Federal
grant awarded for schizophrenia research
The
UNC School of Medicine's department of psychiatry has received
a five-year $3 million award from the National Institute of
Mental Health to promote the early detection and prevention
of schizophrenia.
This award comes on the heels of a
five-year, $9.3 million grant from the National Institute of
Mental Health to form a Silvio O. Conte Center to study the
onset of schizophrenia. One component of the center, the Prevention
through Risk Identification, Management and Education Clinic,
will focus on the comprehensive study of the prodromal phase
of schizophrenia.
"These efforts highlight the
importance the National Institute of Mental Health has placed
on the prevention of mental illness," explains Diana Perkins,
MD, associate professor of psychiatry and director of the PRIME
Clinic. "This is a progressive area of research for the
neuroscience of mental disorders with ambitions not just for
more effective treatments but also the possibility of the prevention
of schizophrenia altogether."
The symptoms of schizophrenia can
occur suddenly but more commonly take months or years to develop.
Prior to the onset of schizophrenia, patients and their family
members describe subtle changes in feelings, thinking and behaviors
that are classified as prodrome or basic symptoms.

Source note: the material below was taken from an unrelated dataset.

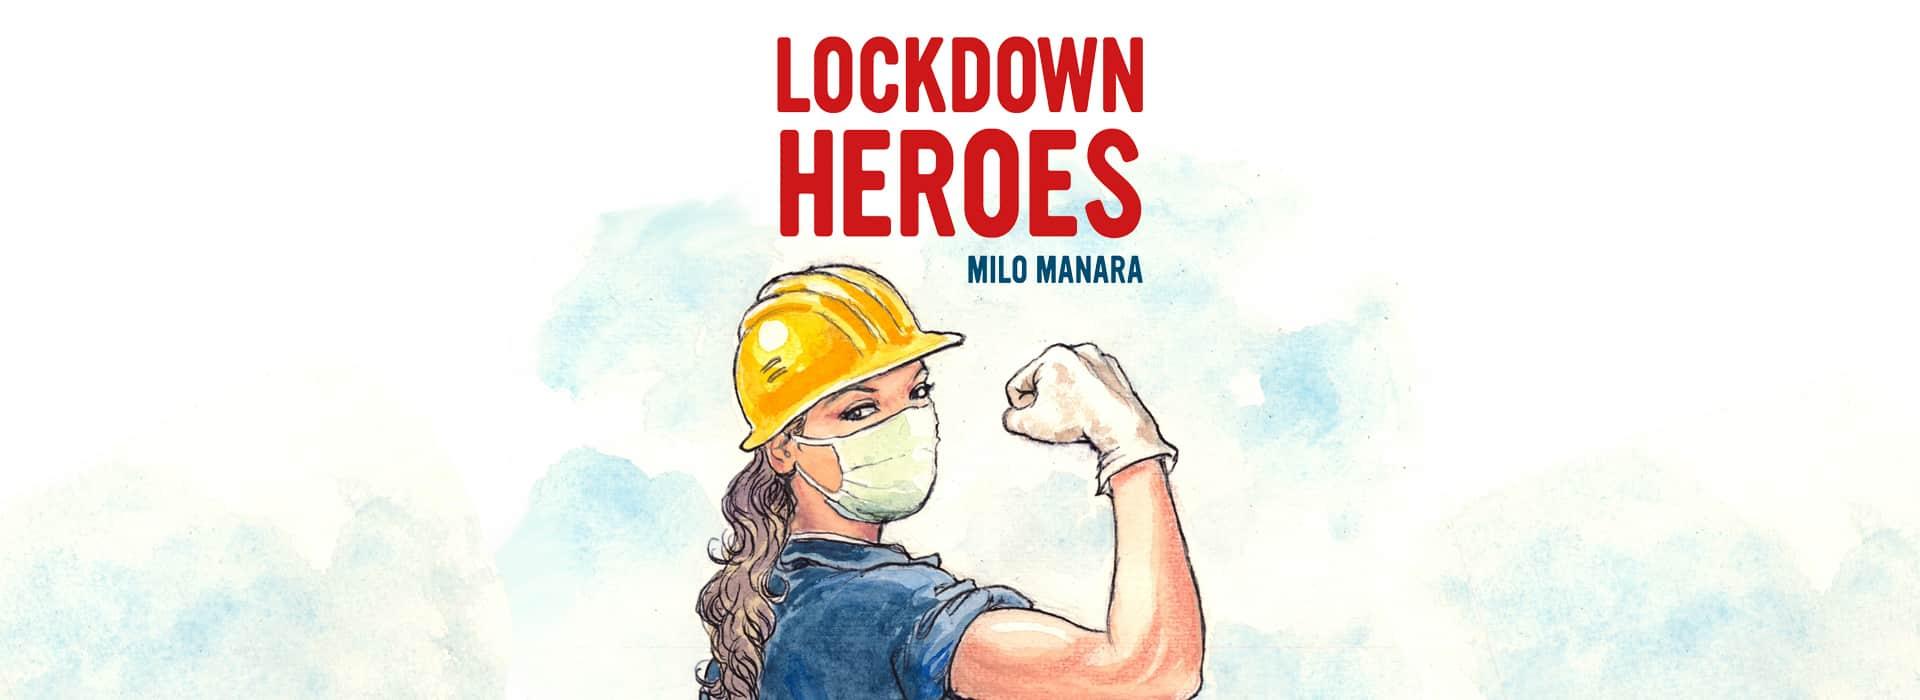 Lockdown Heroes, il portfolio di Milo Manara thumbnail

Prodromal
symptoms include unusual thinking, suspiciousness, grandiose
ideas, perceptual abnormalities, disorganized thinking and social
disinterest.
"These symptoms are often accompanied
by a change in behavior, such as decline in functioning at school
or work, social withdrawal, impaired hygiene, aggressive behaviors
or suicidal ideation," Perkins said.
The research is complicated by the
fact that not all people experiencing such symptoms will progress
to schizophrenia. Previous research in this area suggests that
about 50 percent of people experiencing basic symptoms will
progress to psychosis. Sometimes these symptoms may be the early
warning signs of another psychiatric disorder such as an anxiety
disorder, depression, substance abuse or part of a normal adolescent
crisis.
Through this study, specific prodromal
symptoms and risk factors will be identified and evaluated to
attempt to distinguish what is different about those who progress
to psychosis and those who do not. Through examining this distinction
researchers aim to increase their ability to define a prodromal
state that is highly predictive of a subsequent psychotic illness.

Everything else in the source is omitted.